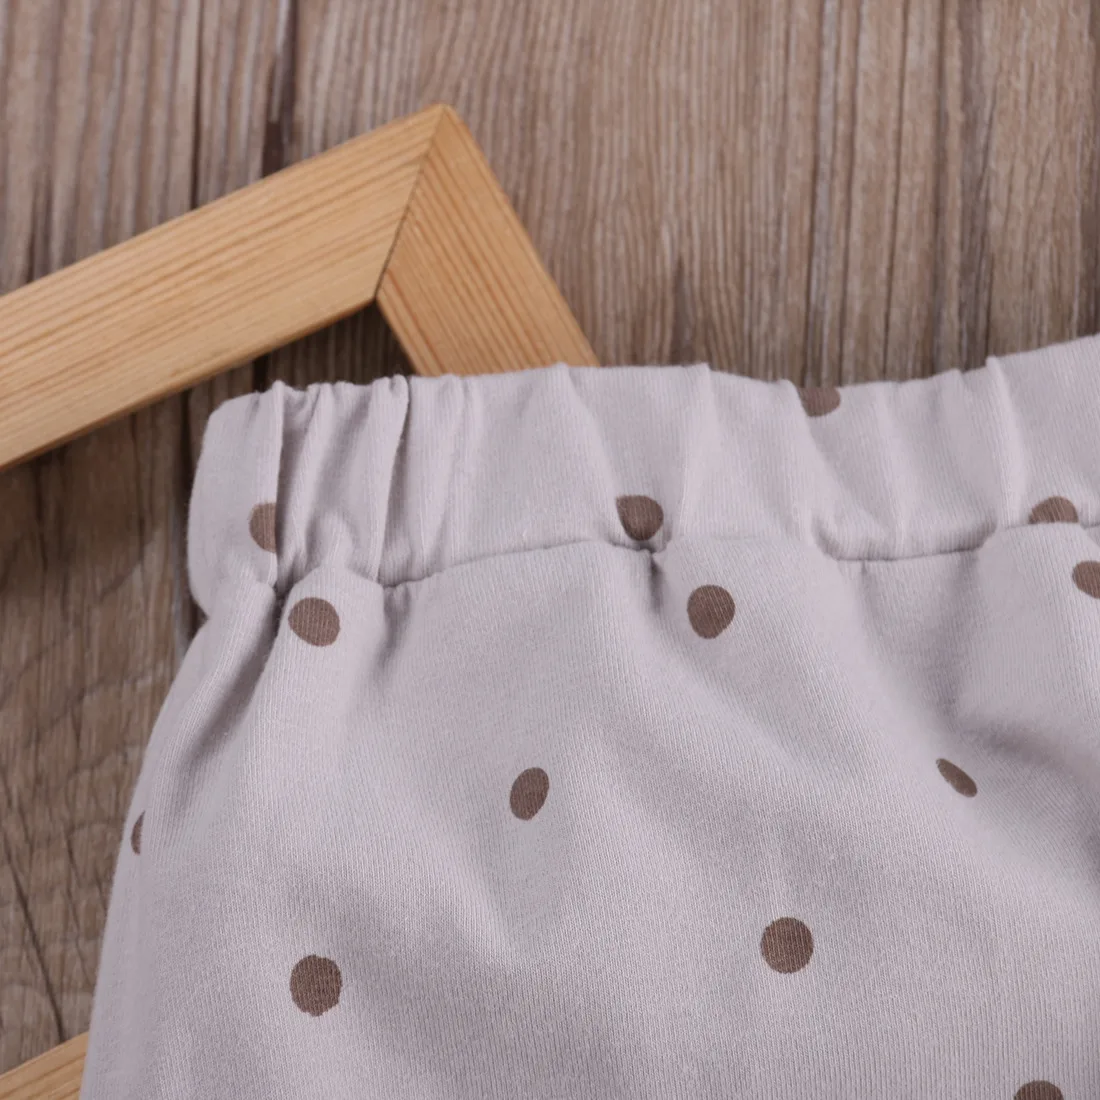 Puccoco/штаны-шаровары для новорожденных мальчиков и девочек с рисунком лисы; брюки для детей 0-24 месяцев; новая модная одежда
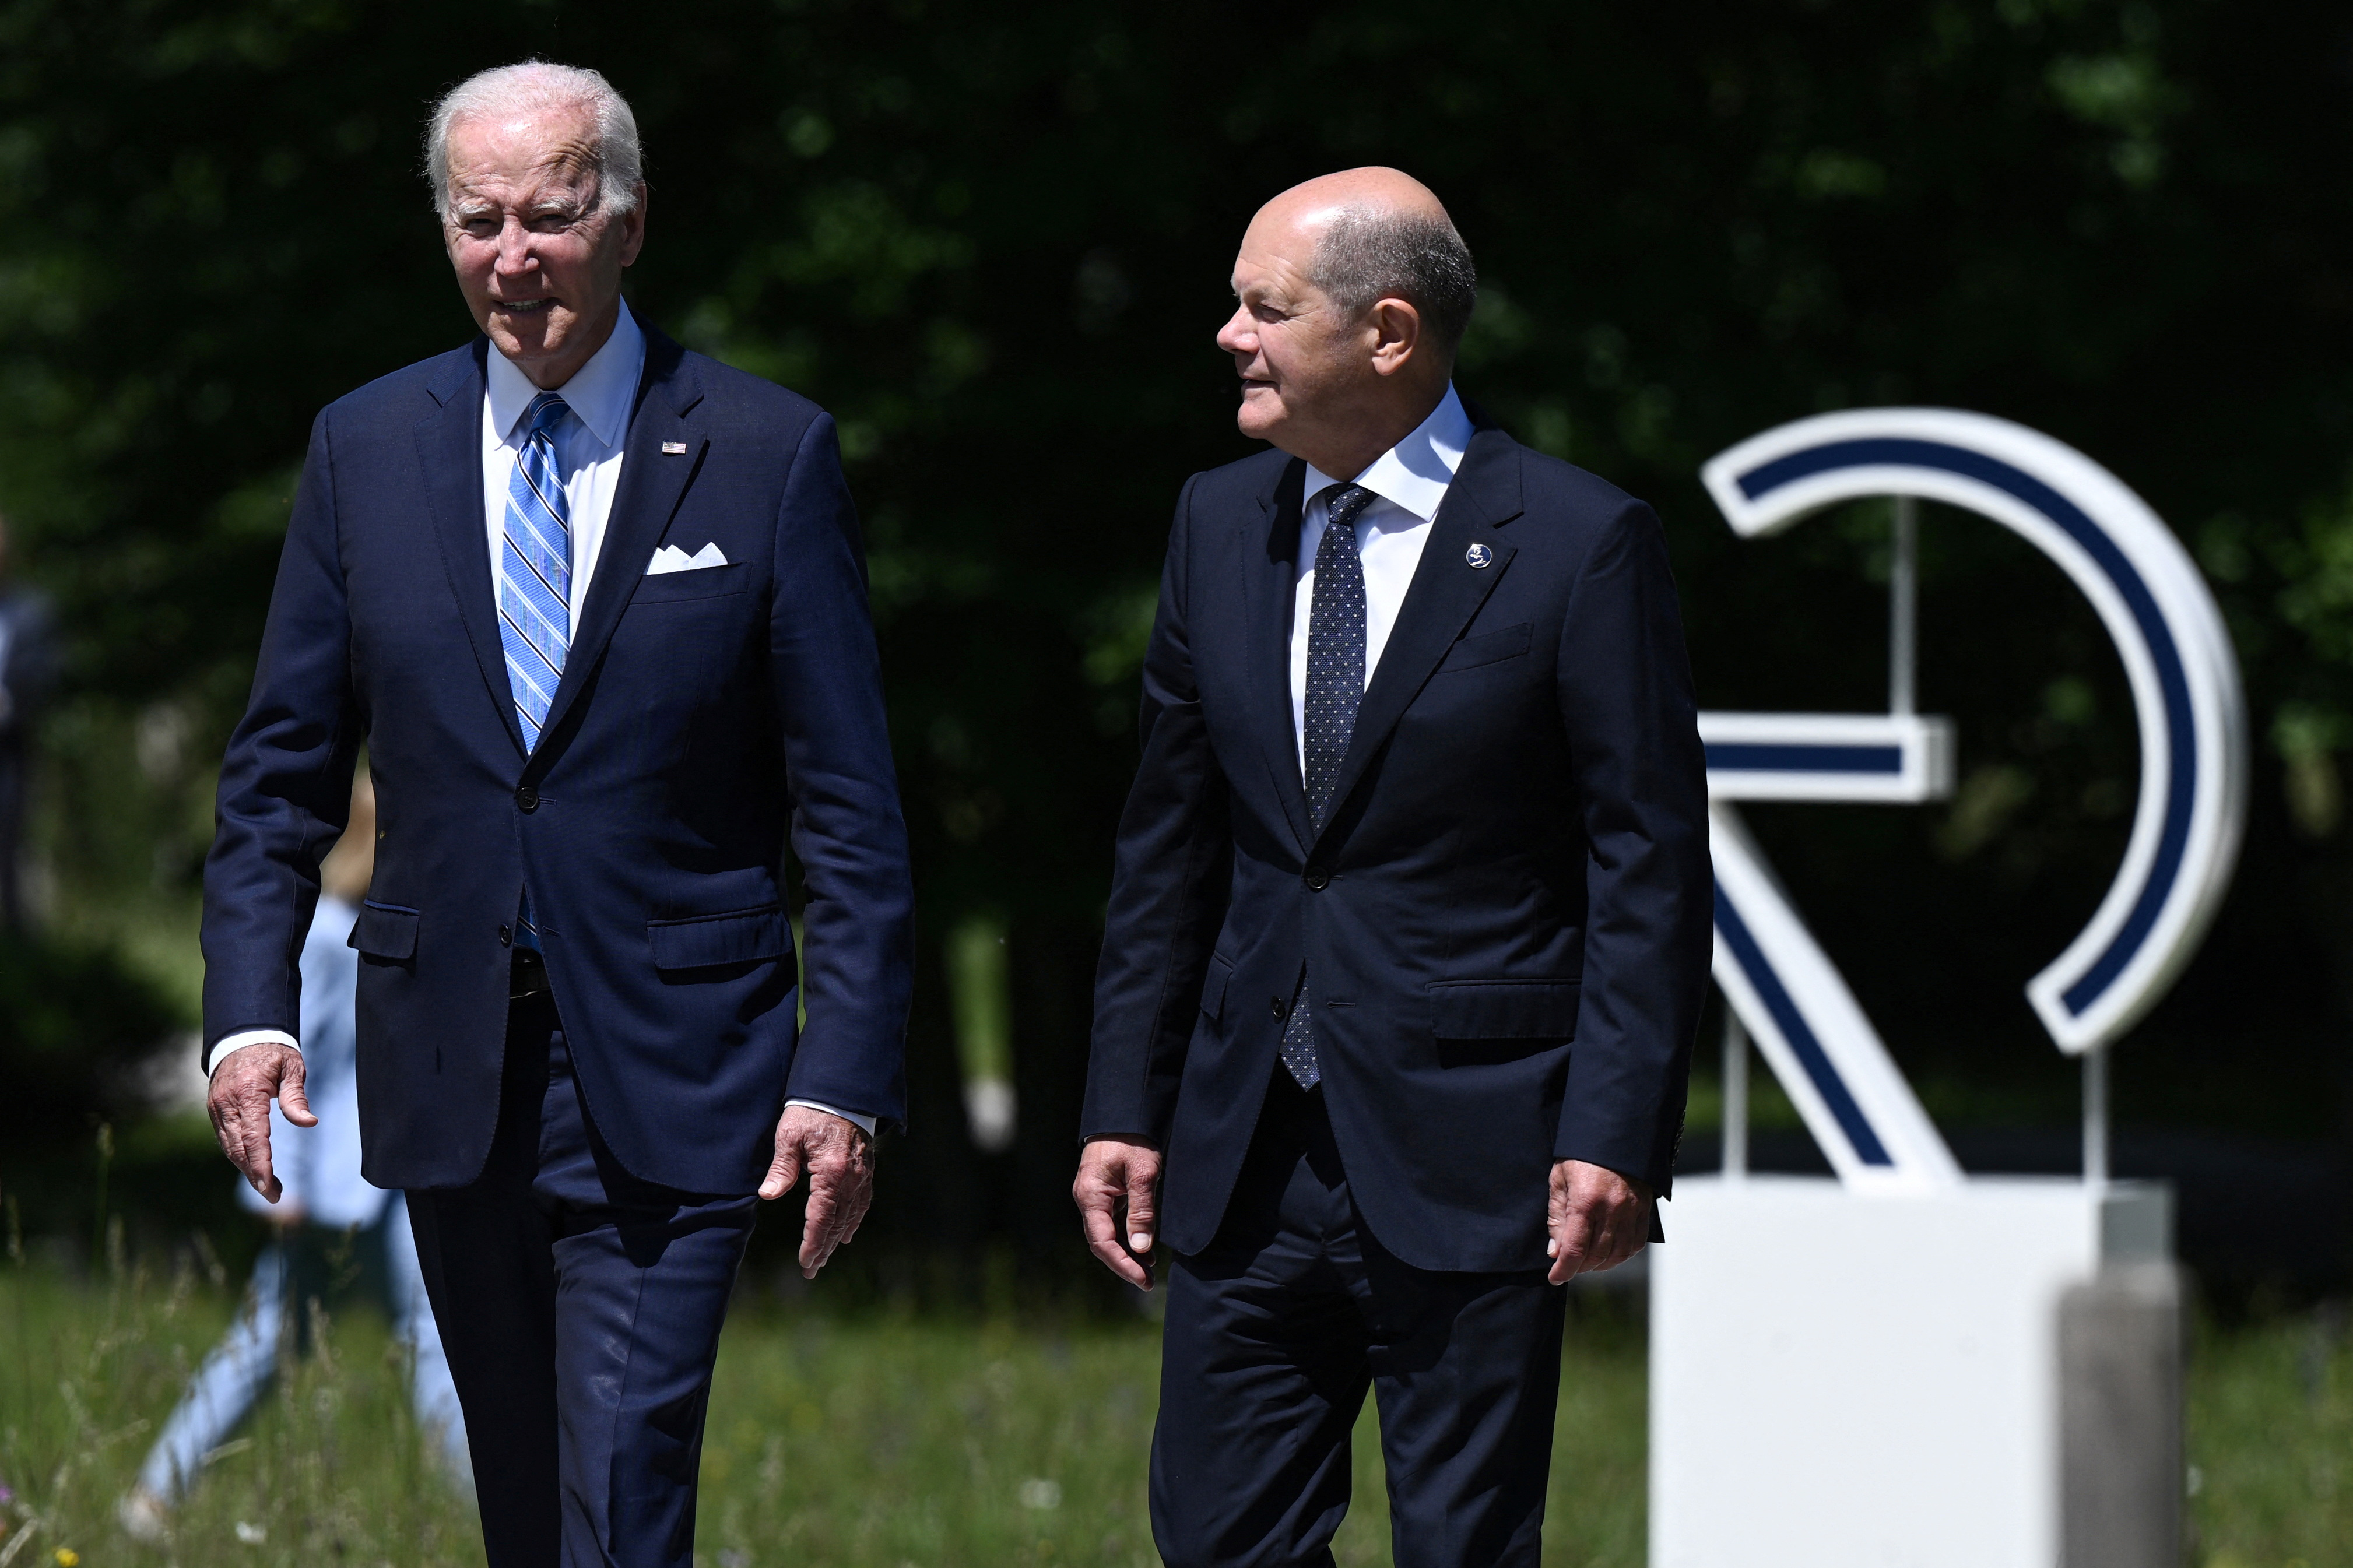 El presidente de Estados Unidos, Joe Biden, y el canciller alemán, Olaf Scholz, conversan a su llegada al inicio de la Cumbre del G7 en el castillo de Elmau, cerca de Garmisch-Partenkirchen, Alemania, el 26 de junio de 2022. Brendan Smialowski/Pool vía REUTERS
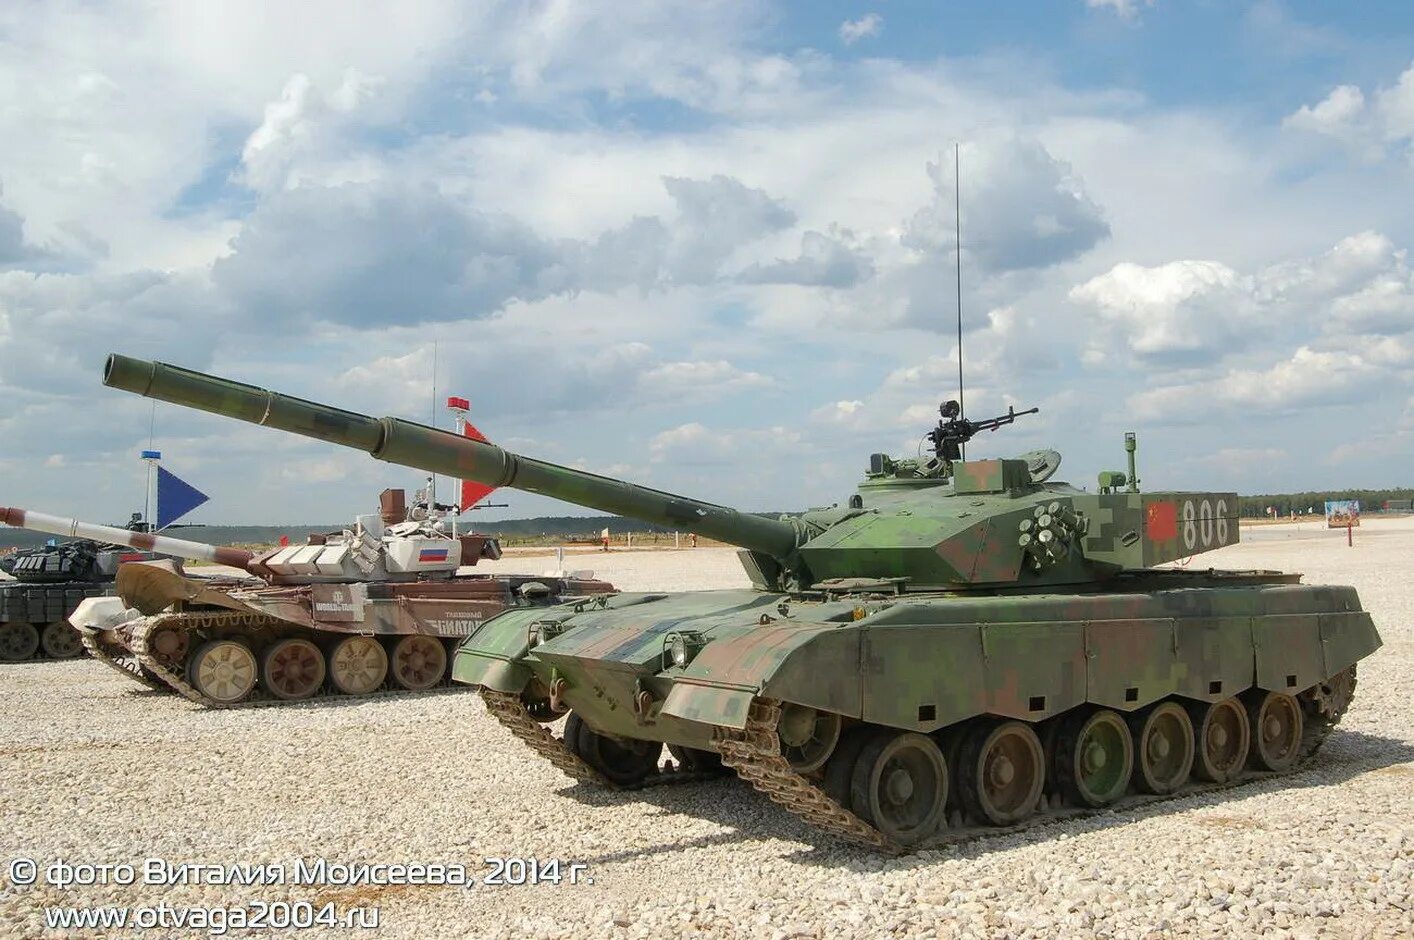 Tank 300 great Wall. Китайский танк 300. Китайский внедорожник танк 300. Китайский танк 500. Танк 300 производство

----

Could you copy the listing above exactly, without its pictures?

 Puccoco/штаны-шаровары для новорожденных мальчиков и девочек с рисунком лисы; брюки для детей 0-24 месяцев; новая модная одежда
 El presidente de Estados Unidos, Joe Biden, y el canciller alemán, Olaf Scholz, conversan a su llegada al inicio de la Cumbre del G7 en el castillo de Elmau, cerca de Garmisch-Partenkirchen, Alemania, el 26 de junio de 2022. Brendan Smialowski/Pool vía REUTERS
 Tank 300 great Wall. Китайский танк 300. Китайский внедорожник танк 300. Китайский танк 500. Танк 300 производство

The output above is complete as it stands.